Well, I didn't need another coat of mud, I was able to sand spot prime, and paint, so I didn't try it
I suppose that's for the better, as it sounds like it sets up rather quickly, and I'll need to be very aware of how it acts in a customer's home

There must be some dings in the garage I can practice on

:biggrin:


----------



## slickshift (Jun 14, 2005)

Richie-C said:


> I've been messing around with 5, 20, and mixing plaster of paris into my mud to avoid the all too often standing around waiting game. This is great advice and a great topic.


Well, that's why I posted it in painting
I heard some drywallers talking about it
I was thinking of the small repair jobs on repaints
Once you put that joint compound on there...now you gotta wait till tommorrow

I'm really not familier with the stuff at all and really appreciate the input here


----------



## Mike Finley (Apr 28, 2004)

I think once you get comfortable with it you won't ever go back to drying compound again. Setting compounds allow me to tear out old crappy bathtub surrounds, install a nice new direct to stud replacement, and repair the drywall all in the same day. Couldn't function without the stuff.


----------



## AAPaint (Apr 18, 2005)

Hey slick and others....another thing to think of is using this stuff over a drying compound. The setting compound dries harder, and the drying compound will sand out from under it causing un-even areas too. I've fiddled with this stuff enough to know you really have to watch it. 
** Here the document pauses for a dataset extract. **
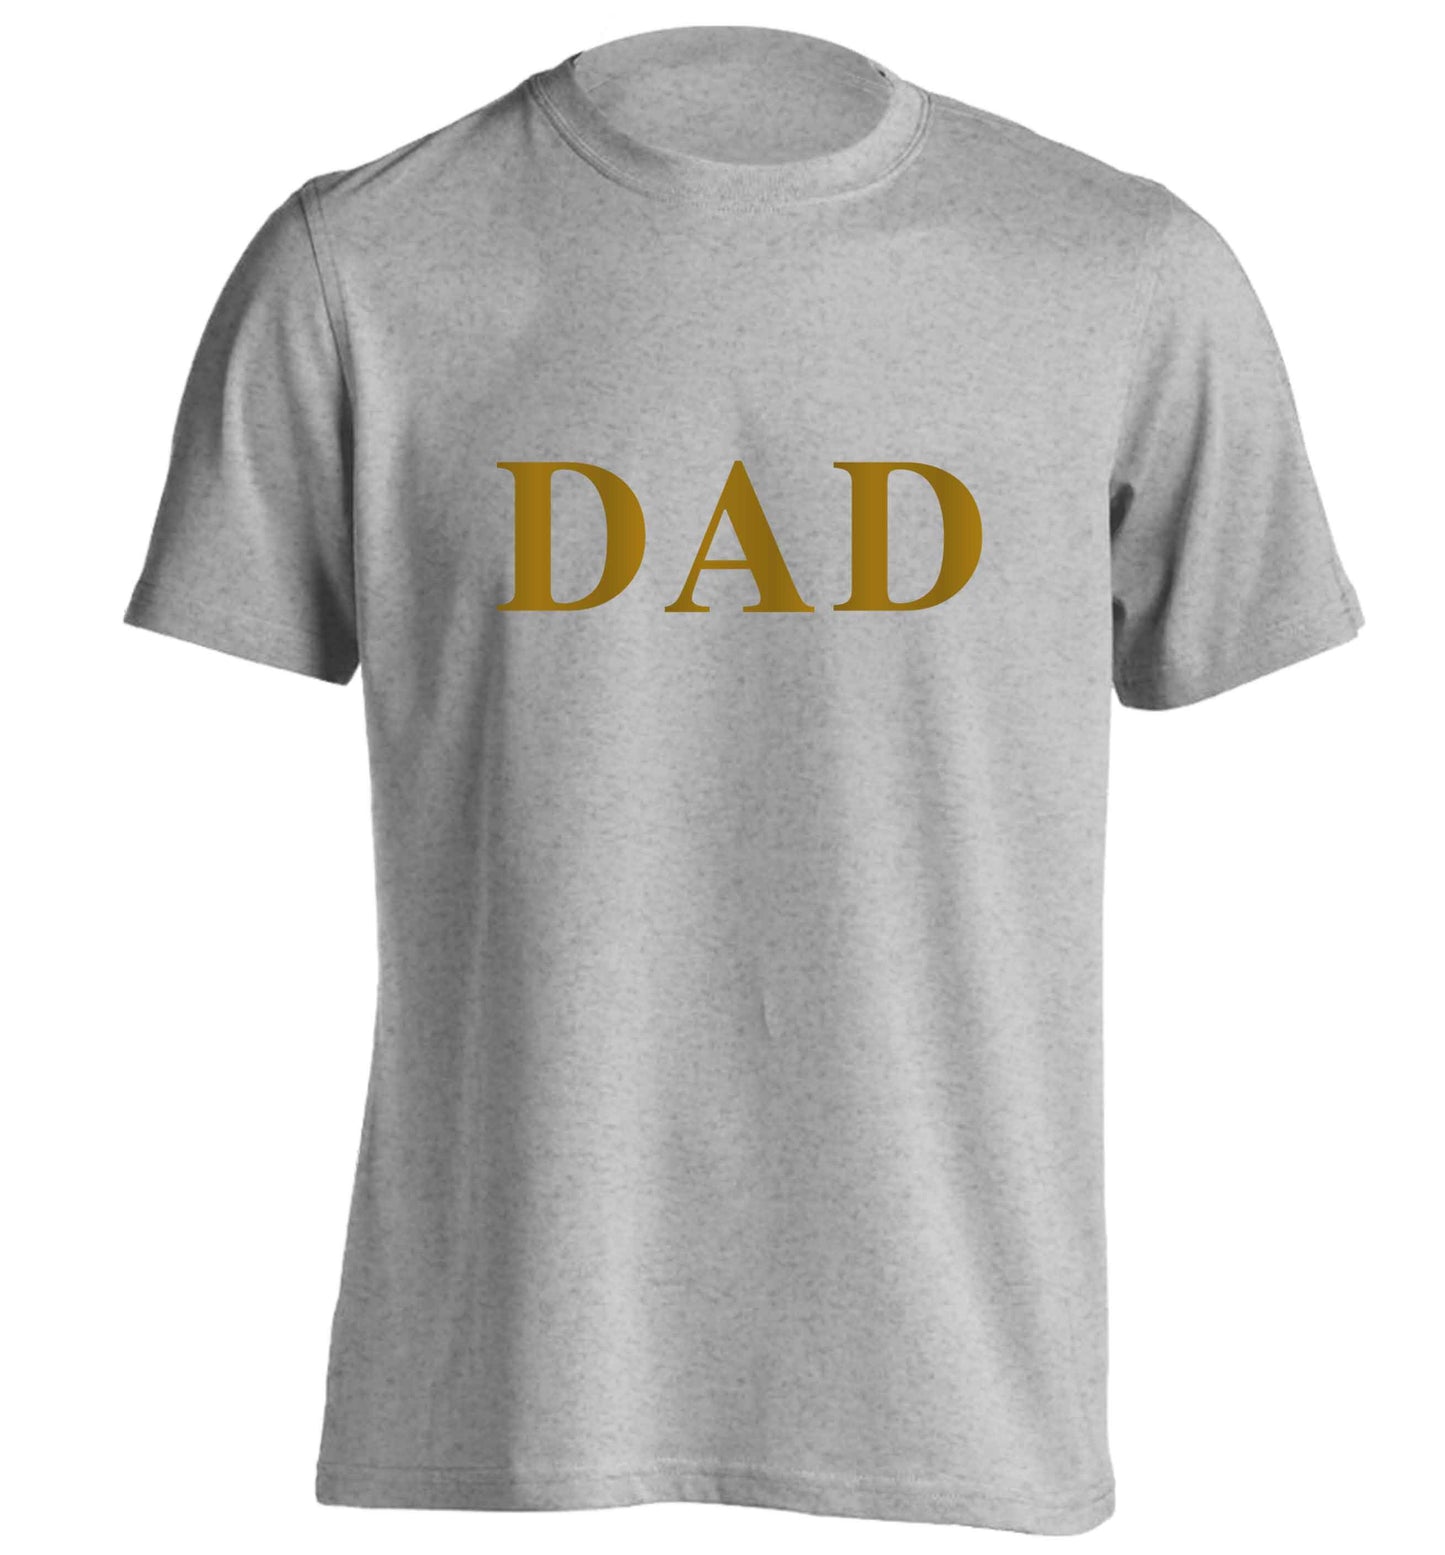 Dad adults unisex grey Tshirt 2XL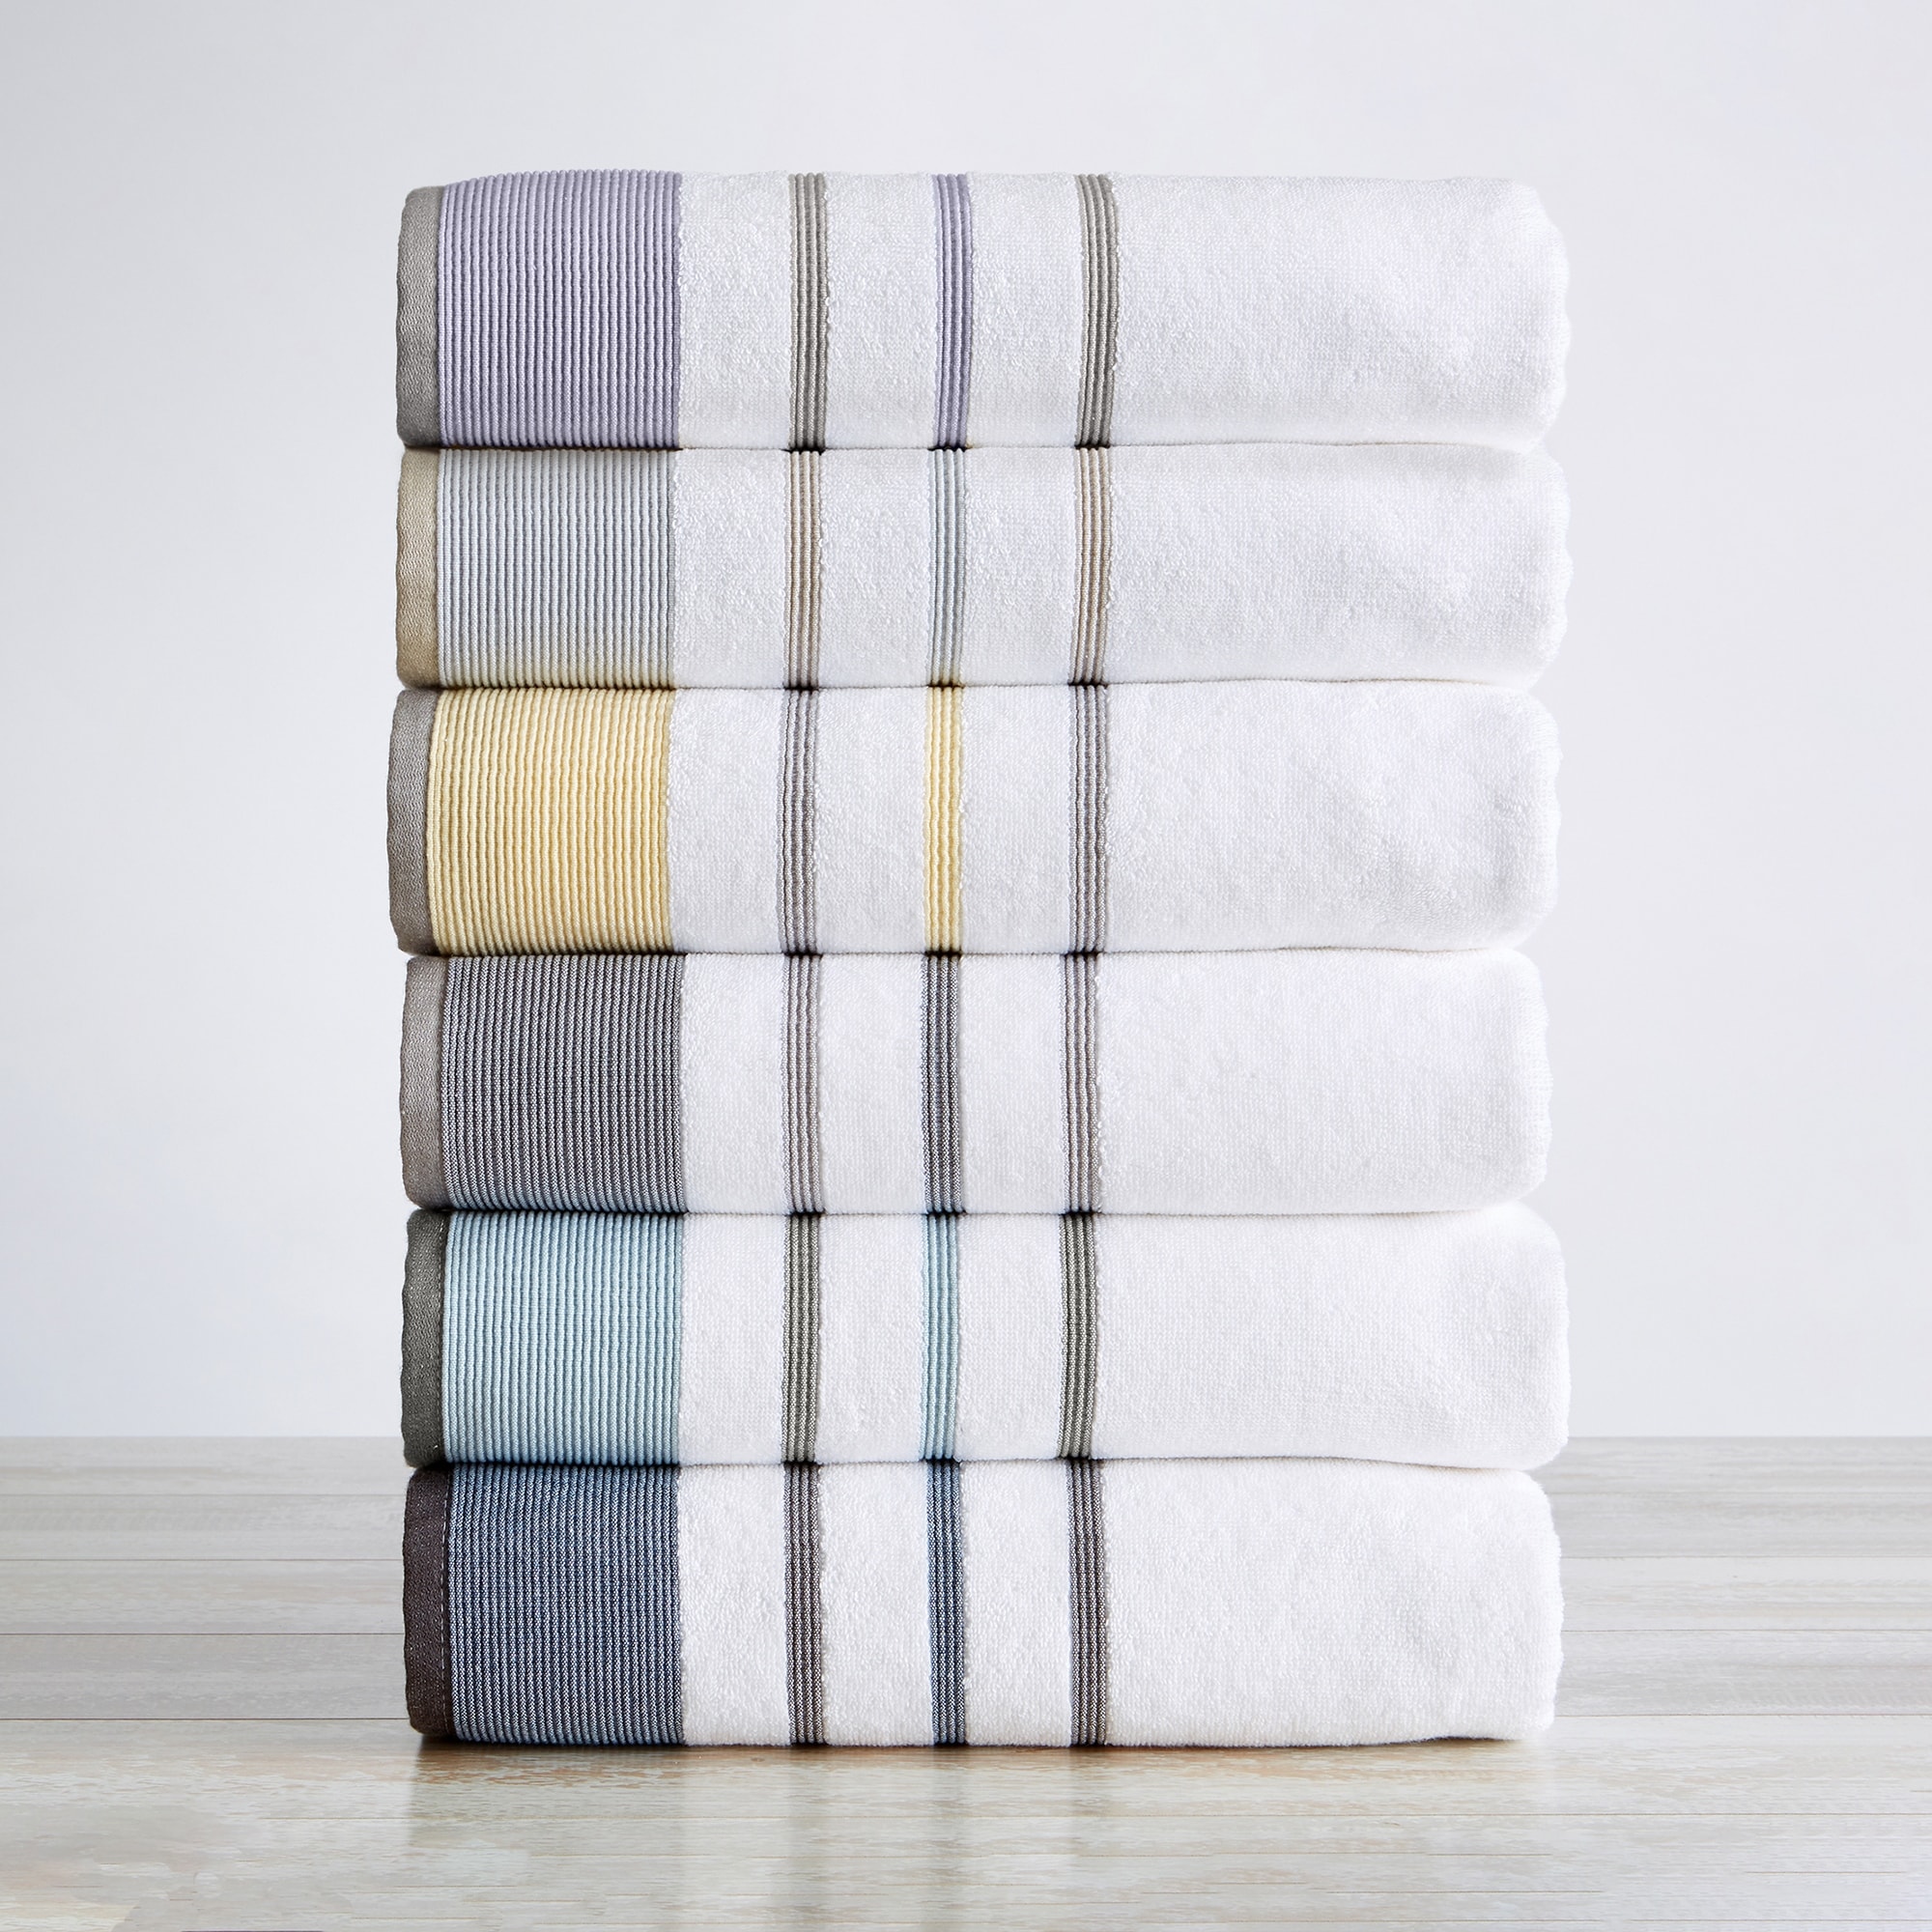 6PCS / 3PCS Cotton Towel Set Luxury Lace Embroidered Bath Towel

I about slapped myself when I realized this problem in a house once. The walls had been patched some, but still needed more work. Here I come with 20 minute mud over some of the other spots...ugh what a mess. I ended up skimming over the whole area lightly because the other stuff is so much softer. 

If you do this, or have done it....you will know right away what I'm talking about.


----------



## ProWallGuy (Oct 17, 2003)

How do you all mix your setting compounds to be creamy smooth?
I can't stand trying to float and having chunks and boogers dragging through it. 
Never can seem to get it mixed completely.
Any tips?


----------



## IHI (Dec 25, 2004)

ProWallGuy said:


> How do you all mix your setting compounds to be creamy smooth?
> I can't stand trying to float and having chunks and boogers dragging through it.
> Never can seem to get it mixed completely.
> Any tips?


I'm trying to think of a consistency to relate too. I wanna say mayonase but sometimes that can still be thick, so I guess a touch runnier than that? It's just thick enough to hold itself up on a wall when spread out, but thin enough it takes very little pressure to float it out. 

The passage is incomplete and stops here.